Hardreset lines are generally associated with initiator IP blocks.
Prior to this change, the hwmod code expected to control hardreset
lines itself, asserting them on shutdown and deasserting them upon
enable. But driver authors inside TI have commented to us that their
drivers require direct control over these lines. Unfortunately, these
drivers haven't been posted publicly yet, so it's hard to determine
exactly what is needed, a priori. This change attempts to set forth
some reasonable semantics that should be an improvement over the
current code.
The semantics implemented by this patch are as follows:
- If the hwmod is not marked with HWMOD_INIT_NO_RESET, then assert all
associated hardreset lines during IP block setup.
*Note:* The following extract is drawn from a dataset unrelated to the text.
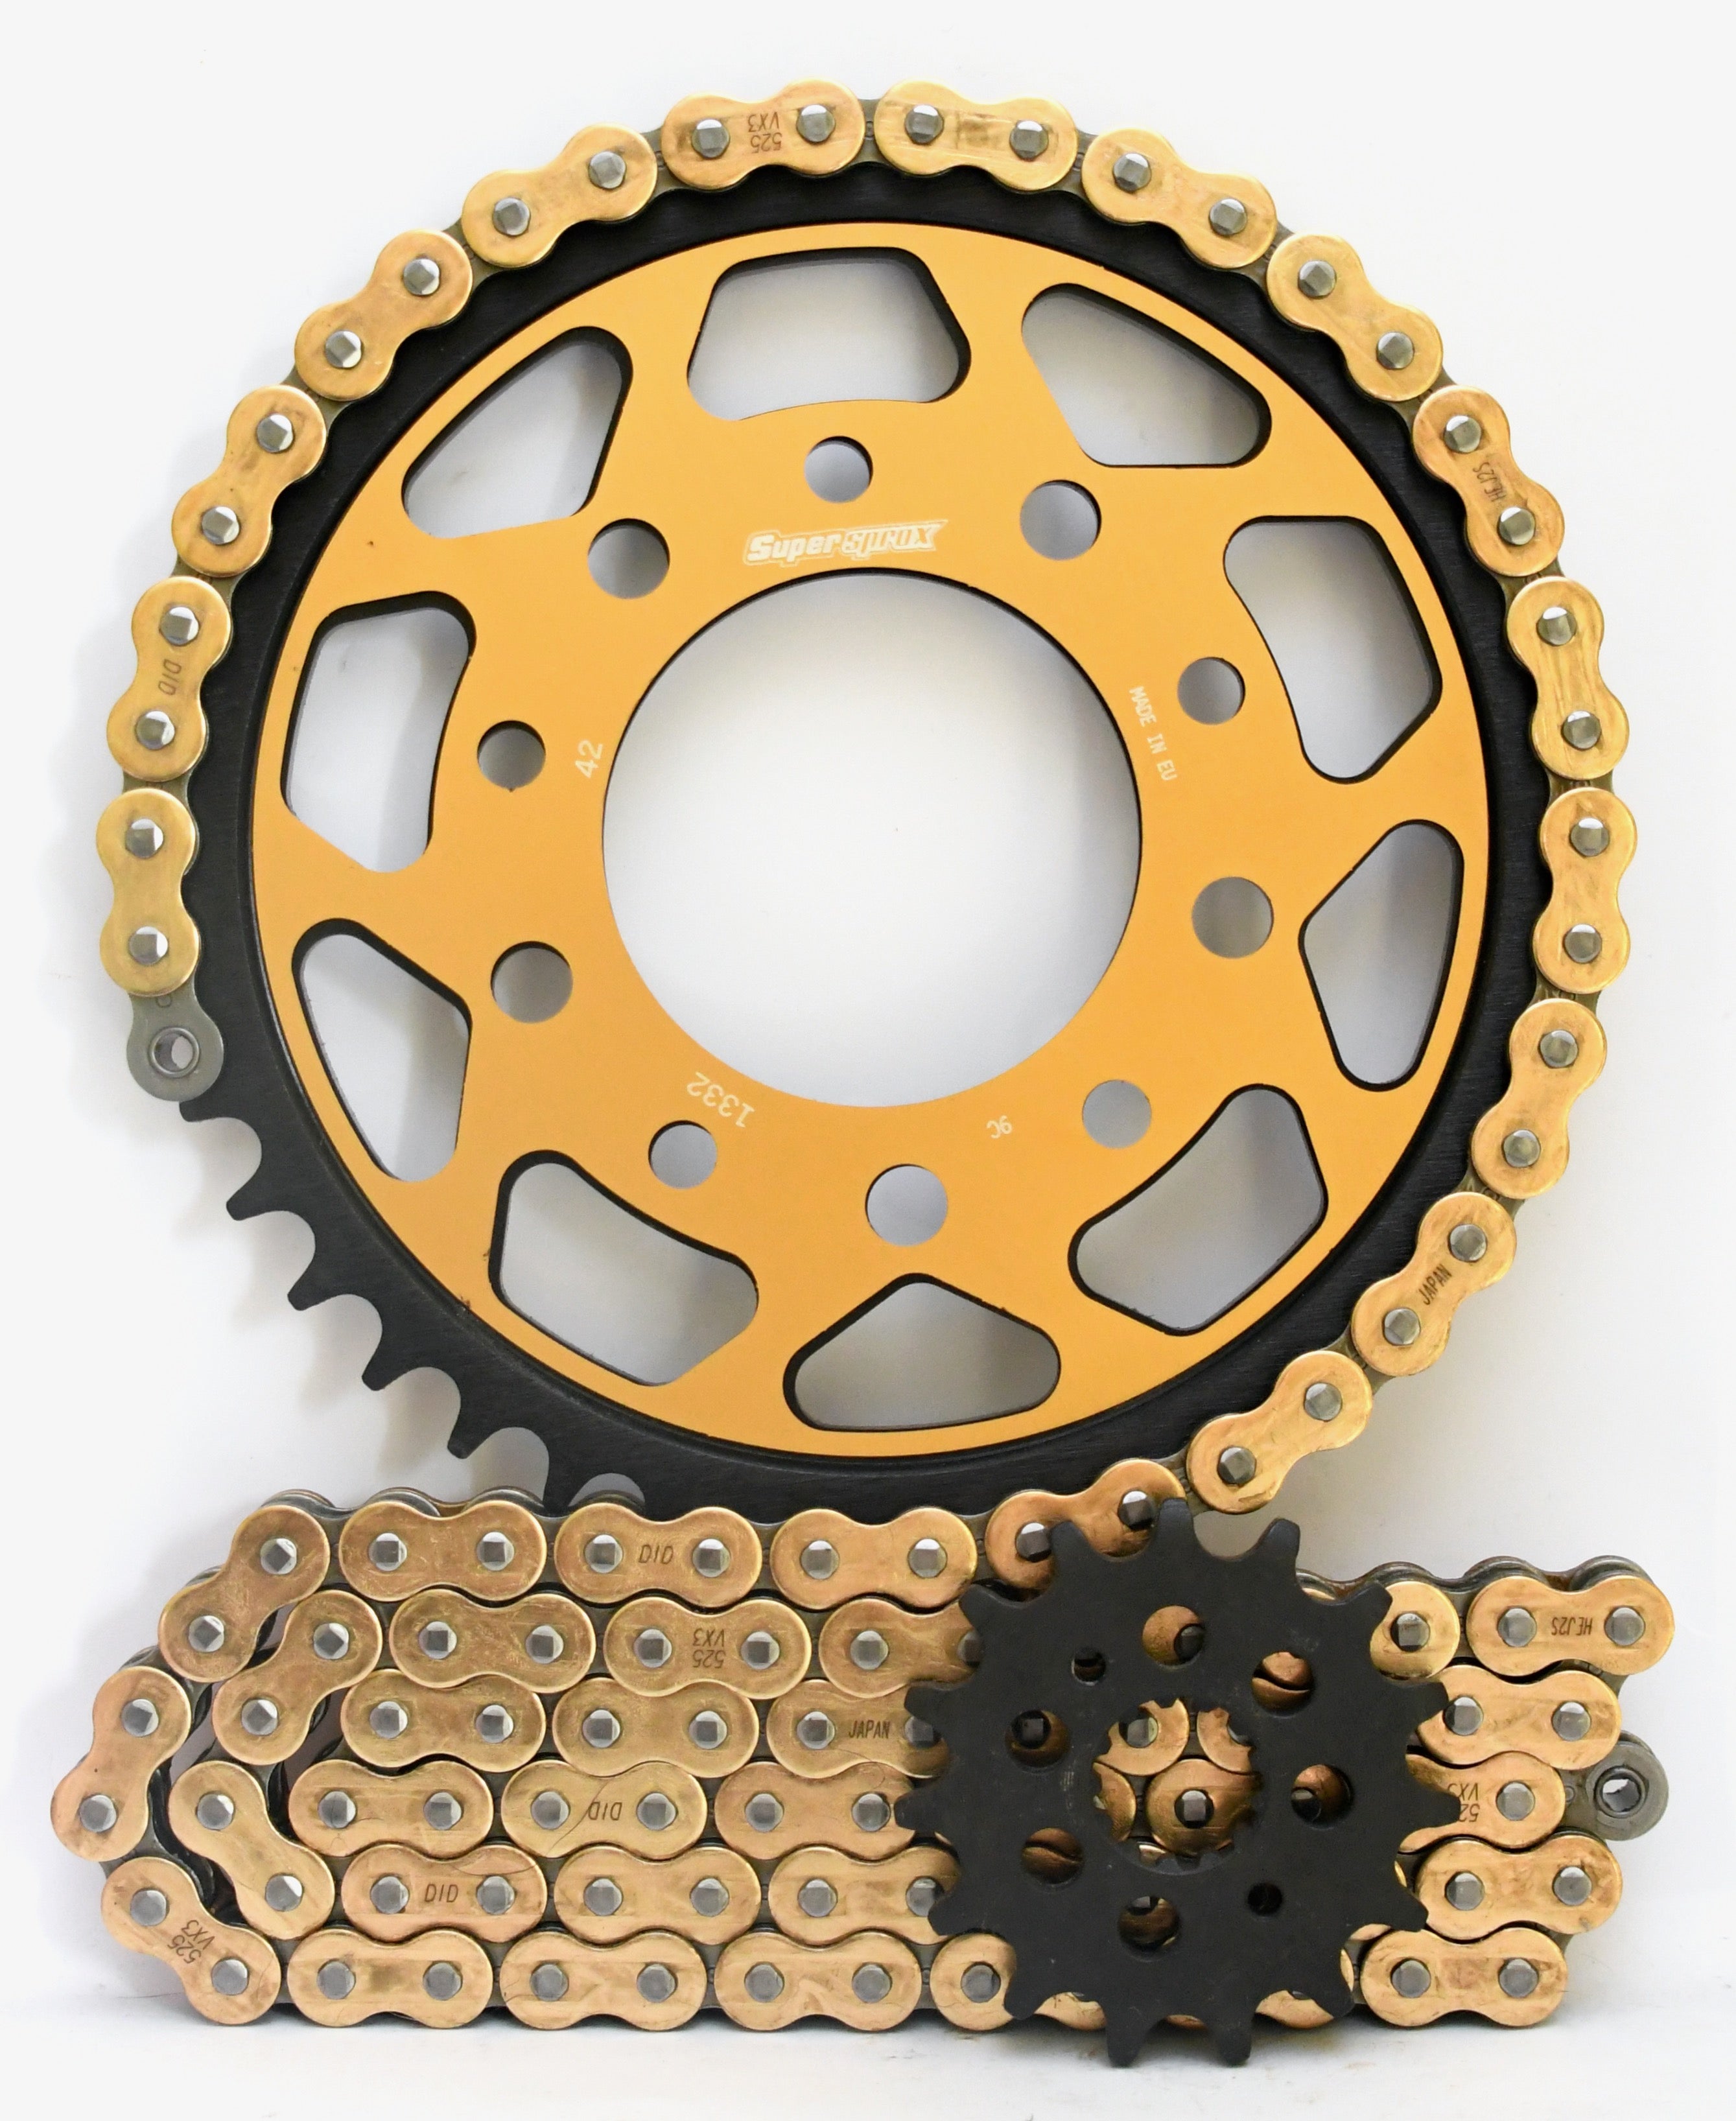 Supersprox Steel Edge Chain & Sprocket Kit for Triumph America 865 2007-2014 - Standard Gearing - 0

This is intended
to place the IP blocks into a known state that will not interfere
with other devices during kernel boot.
- IP blocks with hardreset lines will not be automatically enabled or
idled during setup. Instead, they will be left in the INITIALIZED
state.
- When the hwmod code is asked to enable, idle, or shutdown an IP
block with asserted hardreset lines, the hwmod code will do nothing.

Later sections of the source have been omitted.